Re:Why not SoftUpdates for Linux iso Journalling?

[smnolde]

I agree. I use FreeBSD and have had my computer lose power during a "make buildworld". Upon rebooting the fsck took a few minutes, but with softupdates I didn't lose much work. In fact, I issued the "make buildworld" command again and it completed without a hitch.

For those of you that don't know, or aren't familiar with FreeBSD, you can build the entire OS from source with one command. It's not a port or package, but the entire base OS (kernel, filesystem utils, OpenSSH, OpenSSL, bind, sendmail, all the crypto, etc...).

I do agree that softupdates would be preferencial in most cases. McKusick had his shit in order when he wrote SU. Journaling had its place a year or two ago, but with today's more robust systems and affordable UPSs, why not invest more attention in a unified VM, or better system tools?

For me, FreeBSD has a kick-ass VM and a rock solid filesytem. Using SU in linux wouldn't hurt, but you'd need to port over UFS to make it work. But that wouldn't be hard since BSD code is pretty much there for the taking. YMMV.

Re:Why not SoftUpdates for Linux iso Journalling?

[renoX]

Soft-update and journalling both do the same thing: preserve filesystem consistency in case of an unexpected shudtown.

AFAIK there isn't a real performance advantage for one or the other.

I think that soft-update needs more memory but that it use does fewer IO (no need to maitain the journal on the disk), so I expect that eventually soft-update will have a bigger advantage over journaling (memory will increase rapidly in size but disks won't become much faster in the near future)..

The Applix 1616 project

[Shiny+Metal+S.]

I haven't finished reading the article yet, because one thing caught my entire attention:

Andrew Morton: Well, I've always been that-way inclined. Back in '86 I developed a build-it-yourself 68000-based computer. Both the hardware and its unix-like operating system. We sold about 400 of them. We licensed Minix from Macmillan and my great friend Colin McCormack ported it - I think this may have been the only non-PC port of Minix. The Applix 1616 project was fun, and a lot of people learned a lot of things.

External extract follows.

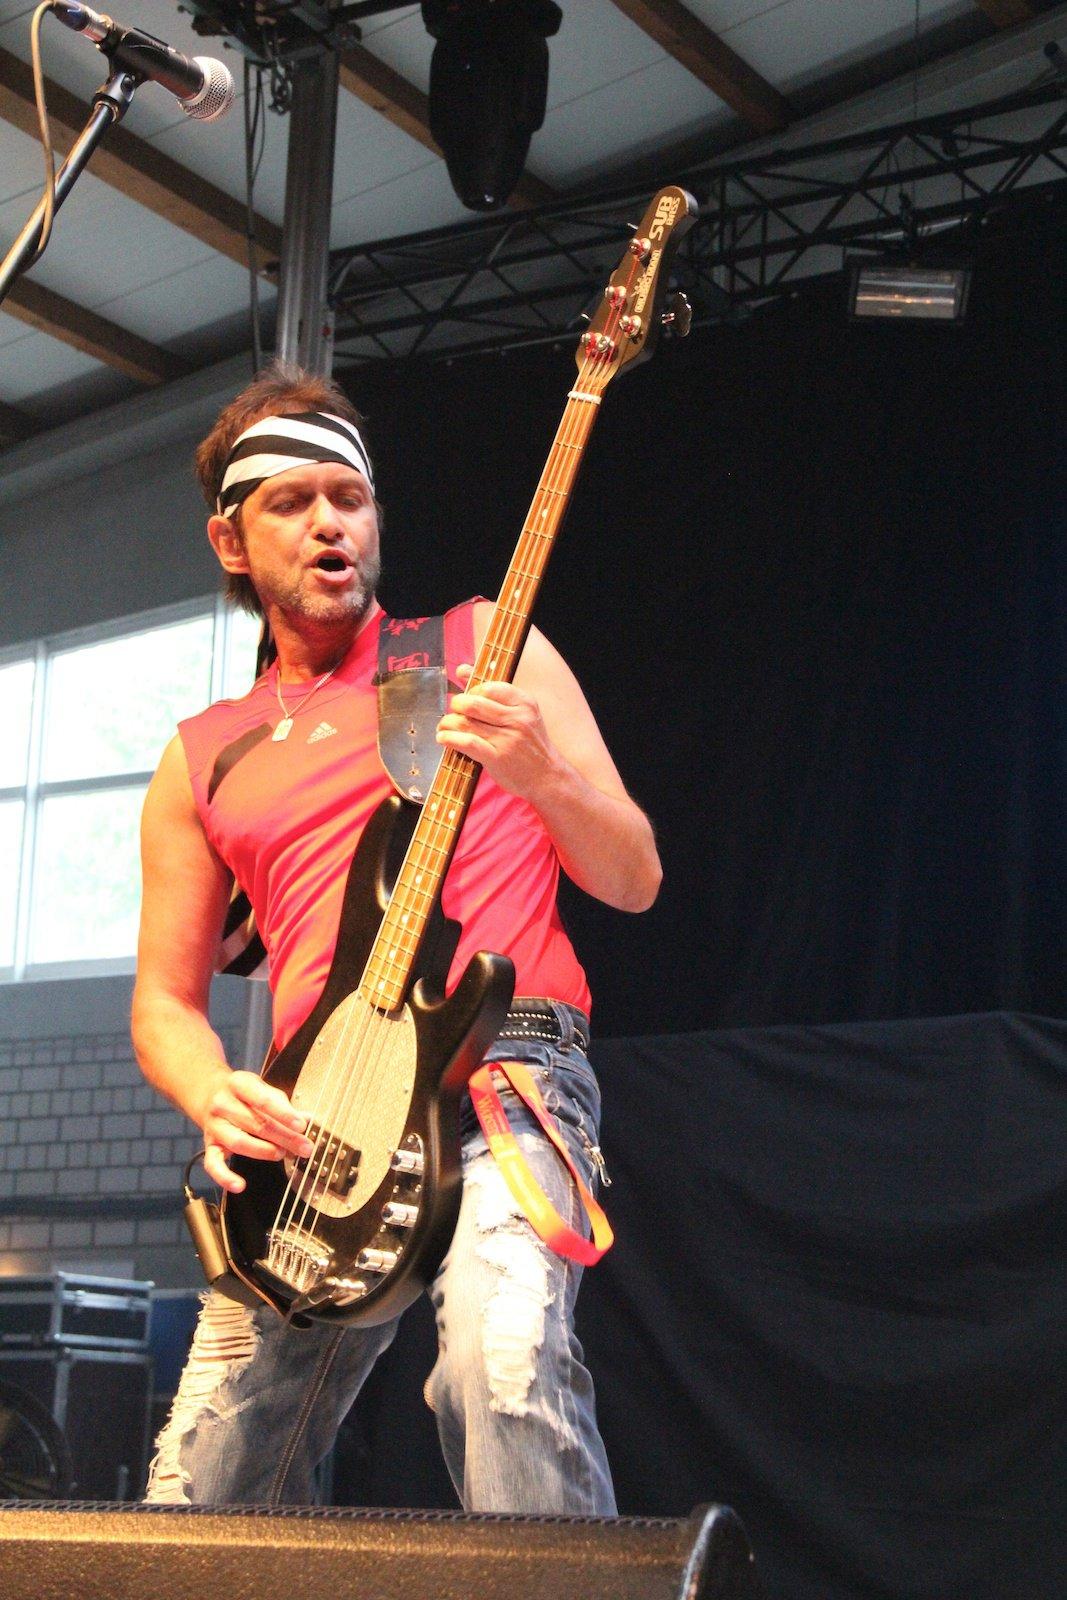 Stainless Quo - Sommerfesthalle, Otterstadt 18.06.2011 - 20

So I found The Applix 1616 project website. Very interesting read. I'd love to see something like this today. If anyone knows anything about something similar to 1616 which is available today, please share with us.

Re:soft updates problems

[Salamander]

This may be a corrupt sector containing metadata (maybe even for the "/" directory or "/kernel", if you were writing a new kernel at the time of the crash), or it may be other corrupt data which became corrupted in a cascade failure that resulted in the crash after one or more corrupted blocks were written to disk.

I'll be charitable and say your comment is merely misleading. This scenario is no more a problem for soft updates than it is for journaling. The only way it could be a problem would be if you had enabled write caching on a drive that didn't maintain write order and didn't have enough reserve power to flush its write cache on power loss. Well, guess what? Take that same impossible-to-find drive, use it to store your journal instead of soft updates, and you'd be just as screwed.

Look, soft updates are a good thing, but they aren't a panacea for all problems.

Journaling is no panacea either, and it involves additional performance costs that many find unacceptable. On balance, soft updates still seem like a far better solution.